The jersey is so valuable because it is the considered the oldest Yankees' jersey ever worn by the Babe. Until being auctioned off, it was kept safe at the Babe Ruth Birthplace Museum.
The Original Rules Of Basketball Are Worth A Small Fortune
James Naismith wrote the original rules of basketball in 1891. Until Babe Ruth made history with his 1920 jersey, Naismith's original rules of the basketball set the memorabilia mark, selling for $4.3 million in 2010.
When Naismith wrote the outline for the sport, there were 13 rules. The paper he wrote those sacred rules on now belong to David Booth, who hopes to put them on display at the University of Kansas, his alma mater. When Booth was asked how much higher he was willing to bid to own this major piece of sports history, he said, "it was getting close."
The Rules Of Baseball Sold In 2016 For $3.26 Million
Over 30 years before the rules of basketball were written, the rules of baseball made their debut. The document, titled "The Laws of Baseball" was sold to an anonymous bidder for $3.26 million in 2016. The sale of the rule book made it the second most expensive piece of baseball memorabilia ever sold.
Written by Daniel Lucius Adams, the laws spell out the general guidelines players are teams are meant to follow, including how heavy or light the ball can be and where each defender can positioned before a play.
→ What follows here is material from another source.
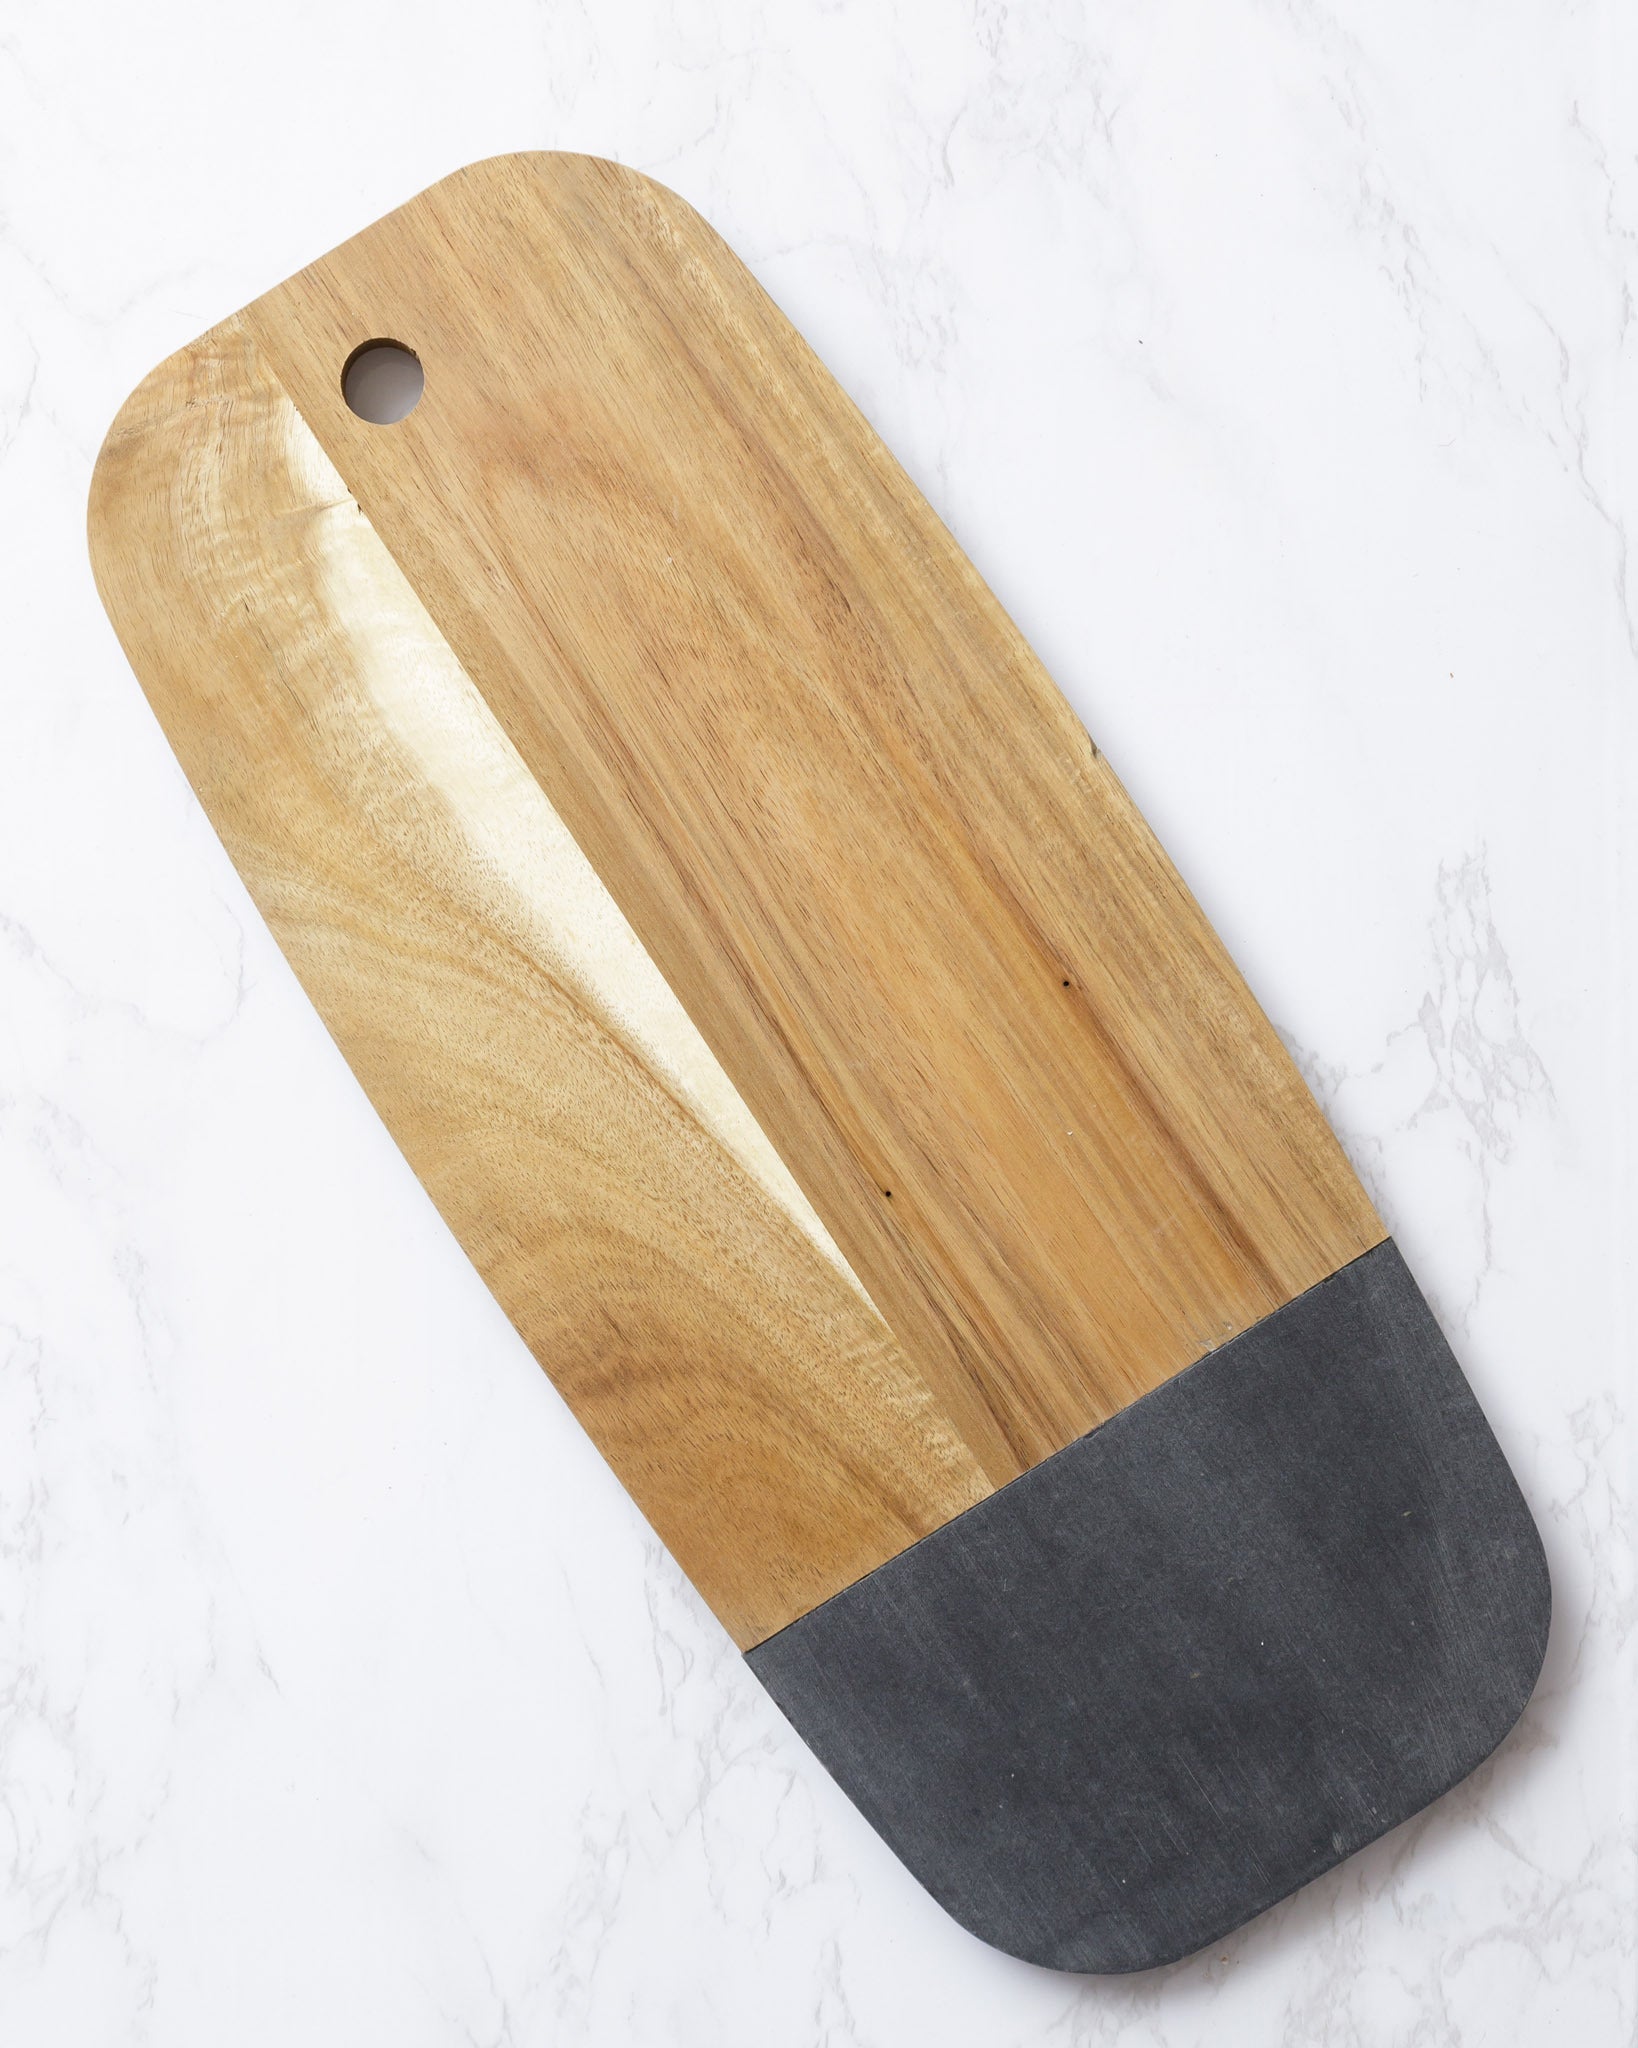 Slate and Wood Cutting Board - Large
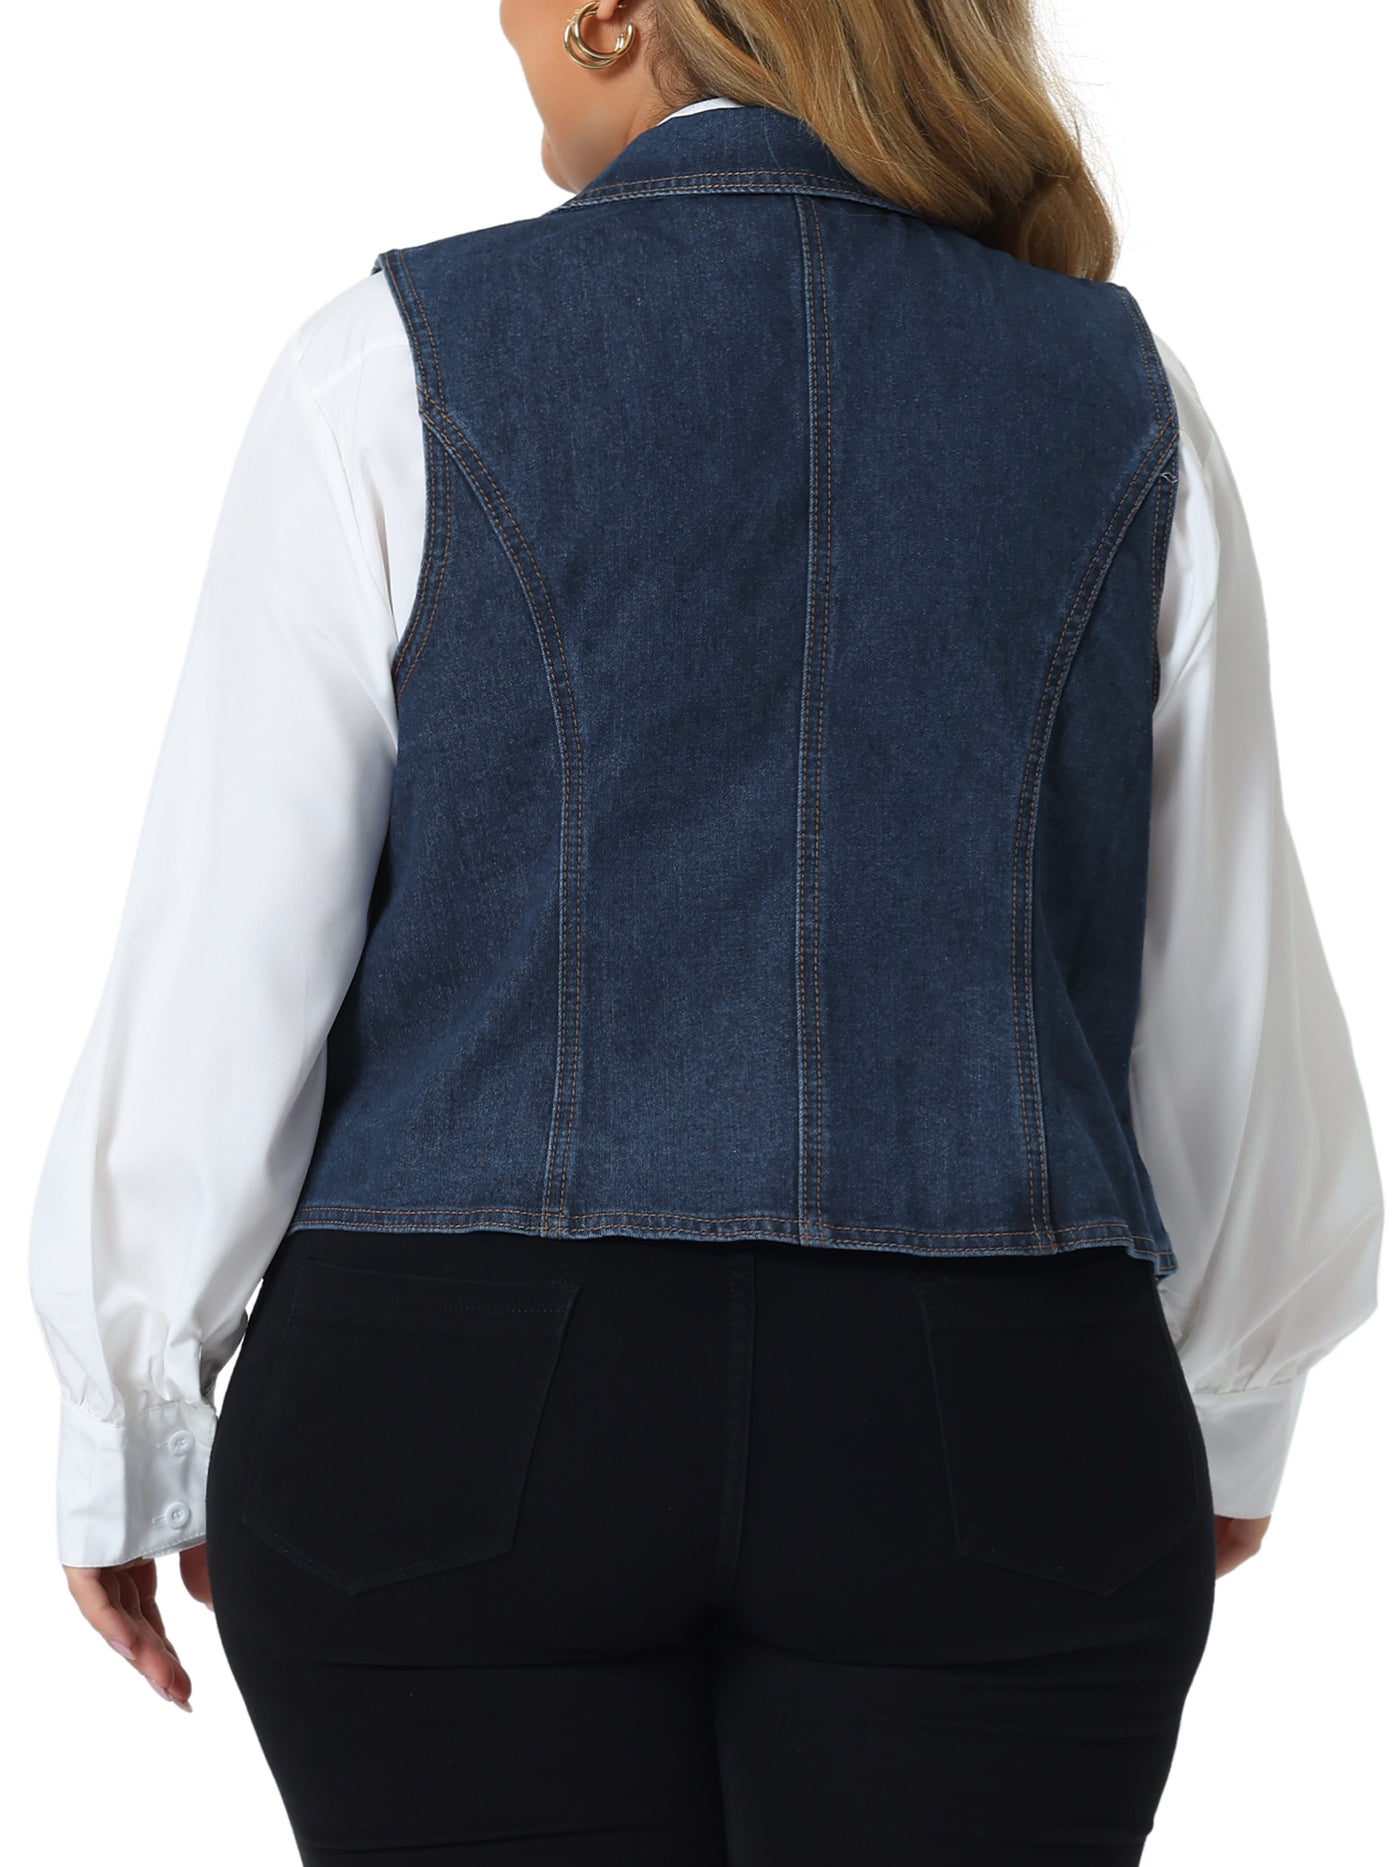 Bublédon Plus Size Denim Vest for Women Sleeveless Lapel Casual Lightweight Buttons Jackets

Mark McGwire's Iconic 70th Home Run Sold For $3 Million
The sports world was abuzz in 1998 when Mark McGwire and Sammy Sosa chased history to break the single season home run record. McGwire won the race, hitting 70 bombs. When the ball was put up for auction, it was sold for $3 million.
Throughout the '90s, there was no greater show in sports than "Big Mac." The all-star slugger knocked one out of the park every 10.61 at bats, He made 12 all-star teams in 16 years and retired with 583 total home runs.
Let's Talk About That 1909 Honus Wagner Baseball Card
Honus Wagner played 21 seasons in MLB, splitting time between the Louisville Colonels and Pittsburgh Pirates. He was nicknamed "The Flying Dutchman" and was a member of the sport's first ever Hall of Fame class. In 2007, his card sold for $2.8 million.
The reason Wagner's card likely fetched such a high price was because of how rare it was. He refused the makers of the card, the American Tobacco Company, to feature him. His reason was simple; he didn't want children buying cigarettes.
A Mint Condition Mickey Mantle Card Is Worth Up To $1.3 Million
If you've been sitting on a 1952 Mickey Mantle rookie card, maybe now is the time to sell it. In 2016, a near mint condition version of the card sold for $1.3 million, making it the second card in history to go for seven digits!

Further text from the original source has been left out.